### Information shown
▼

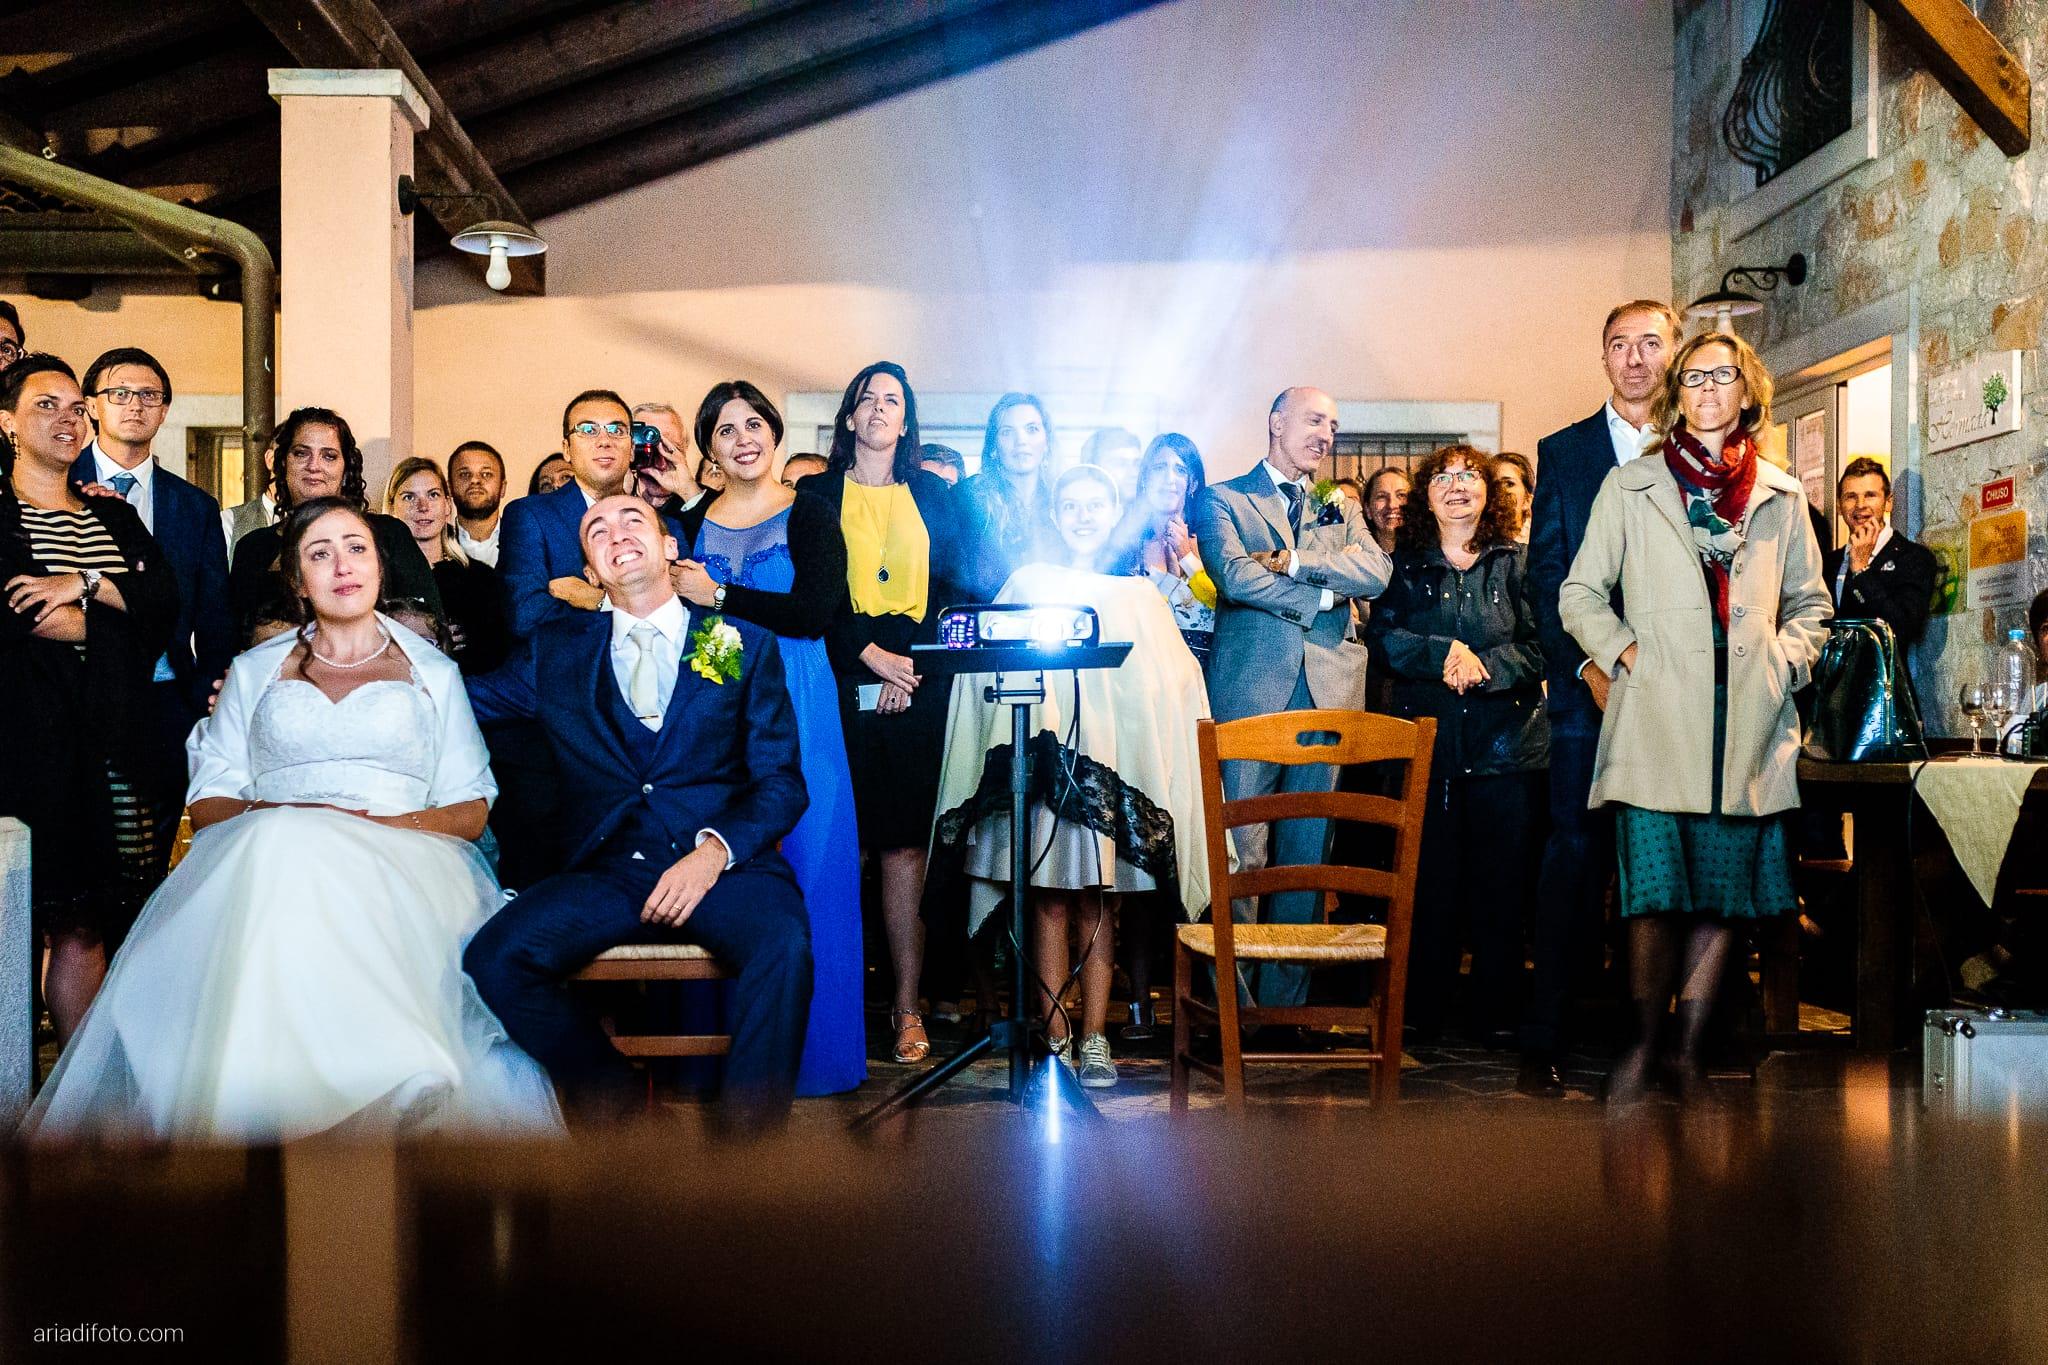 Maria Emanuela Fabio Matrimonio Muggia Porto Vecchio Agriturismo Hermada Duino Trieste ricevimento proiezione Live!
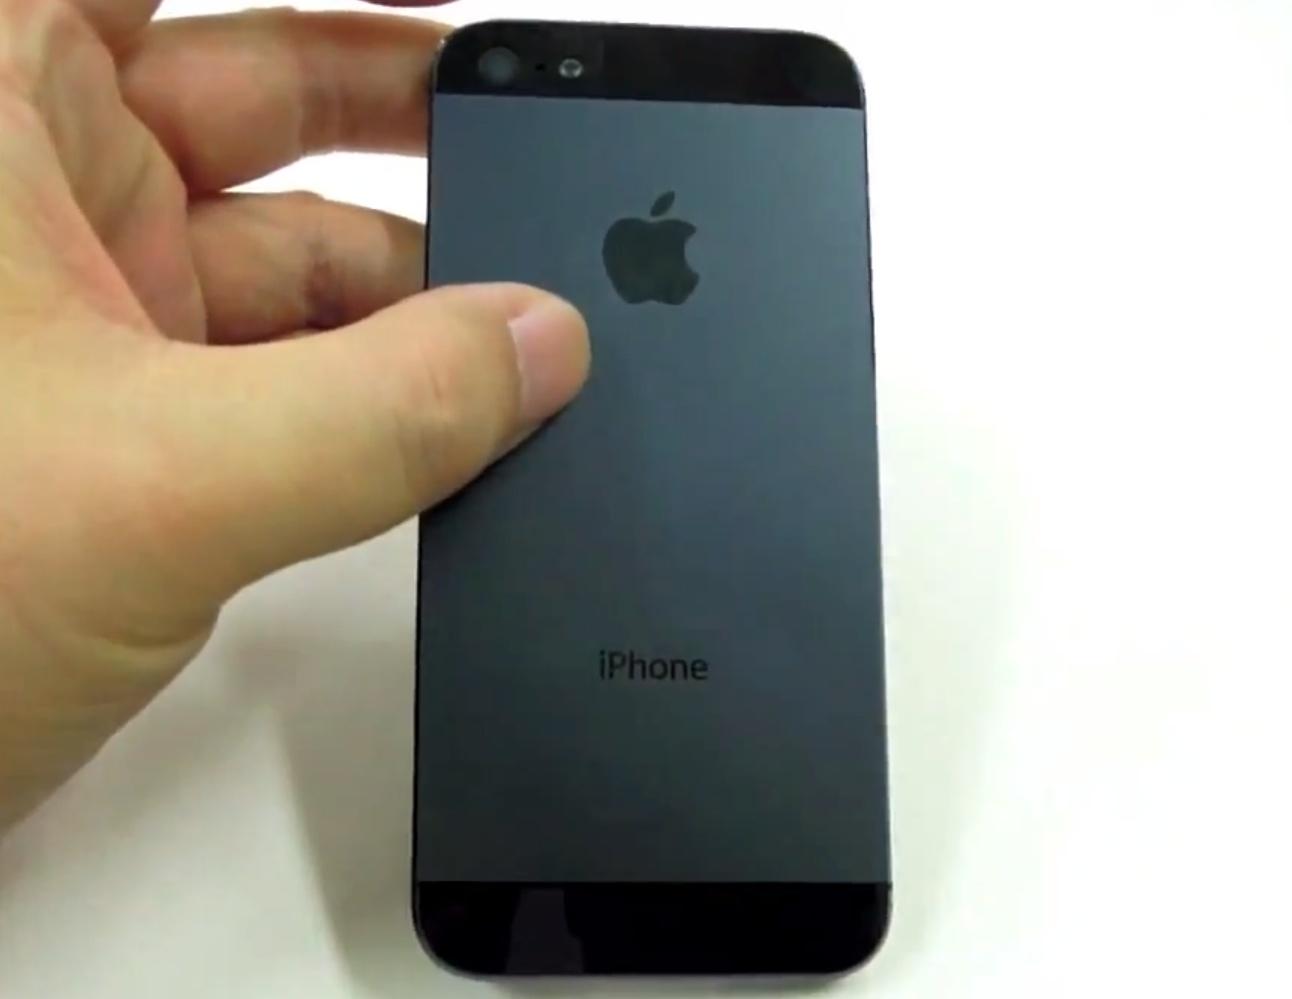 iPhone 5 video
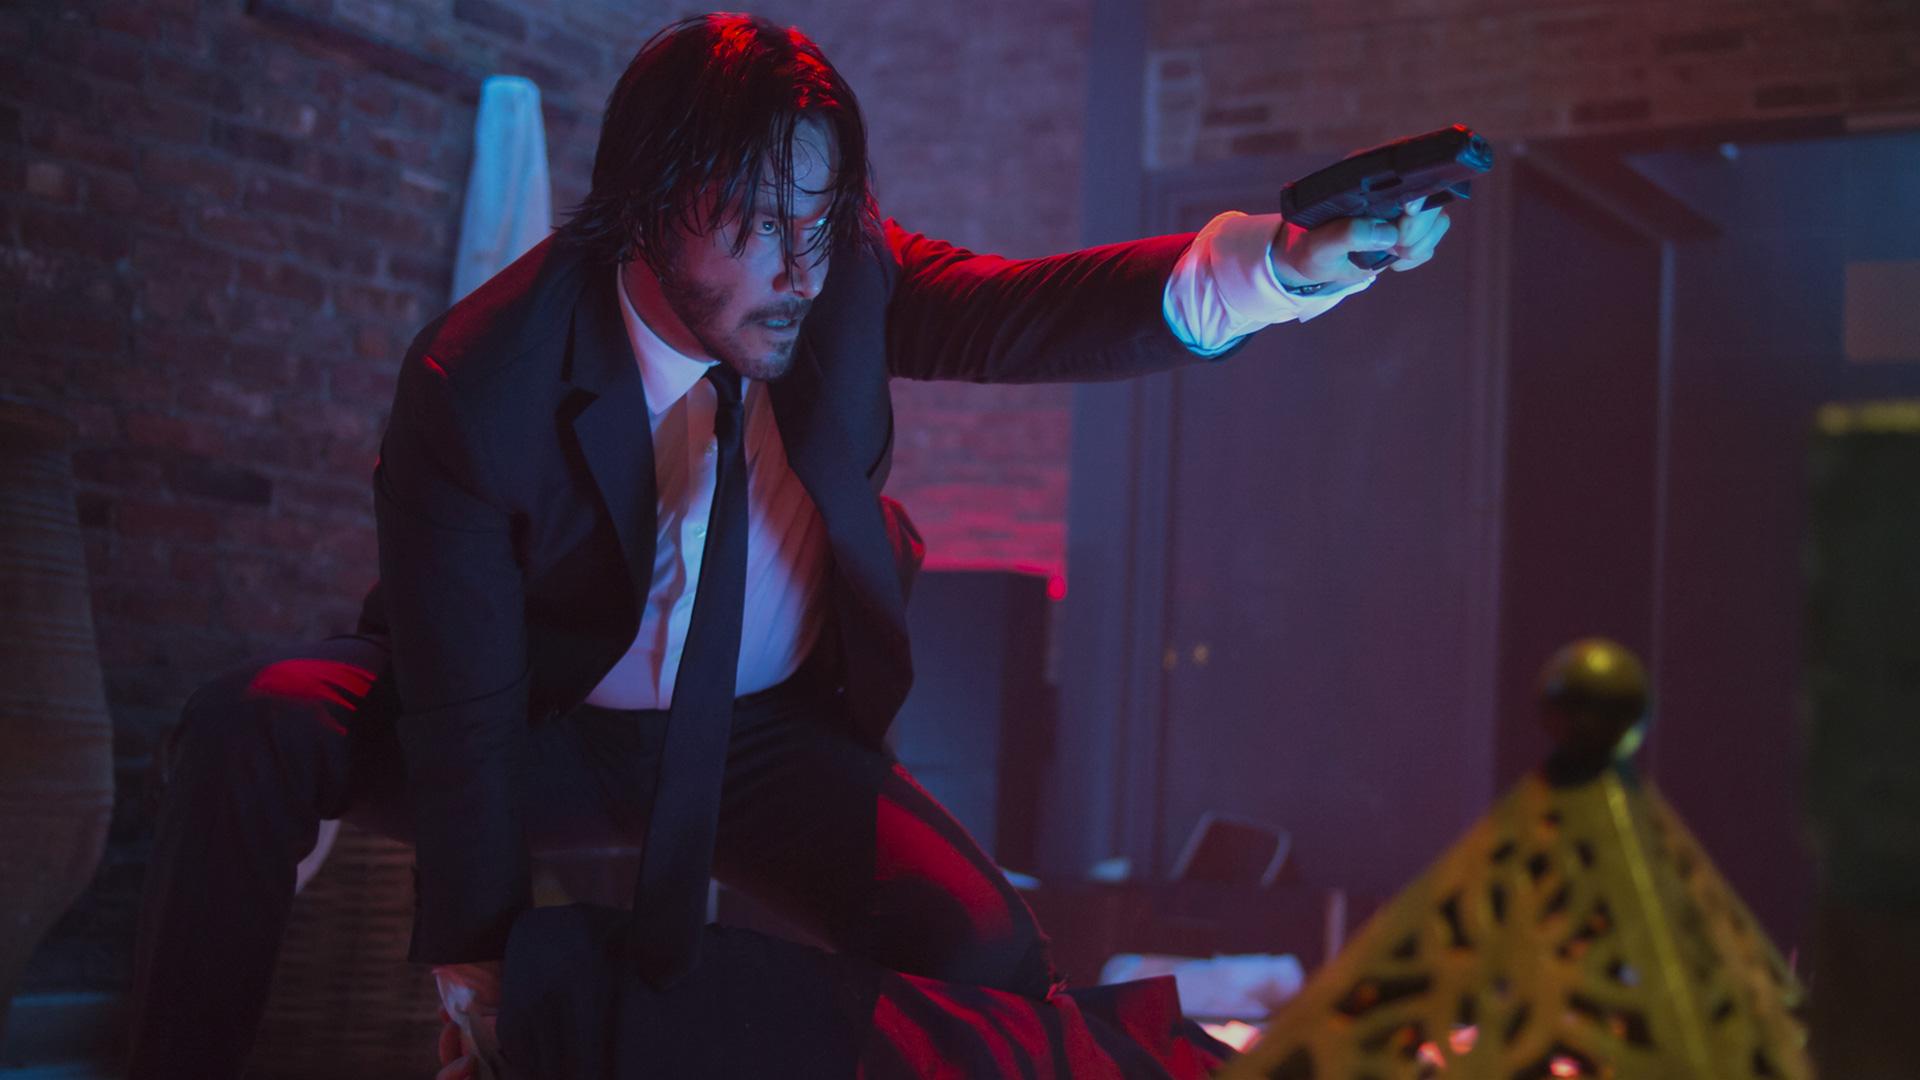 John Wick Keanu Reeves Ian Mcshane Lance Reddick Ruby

▲

### What needs to be done
Please output the material as written, apart from the images.

### The answer
 Maria Emanuela Fabio Matrimonio Muggia Porto Vecchio Agriturismo Hermada Duino Trieste ricevimento proiezione Live!
 iPhone 5 video
 John Wick Keanu Reeves Ian Mcshane Lance Reddick Ruby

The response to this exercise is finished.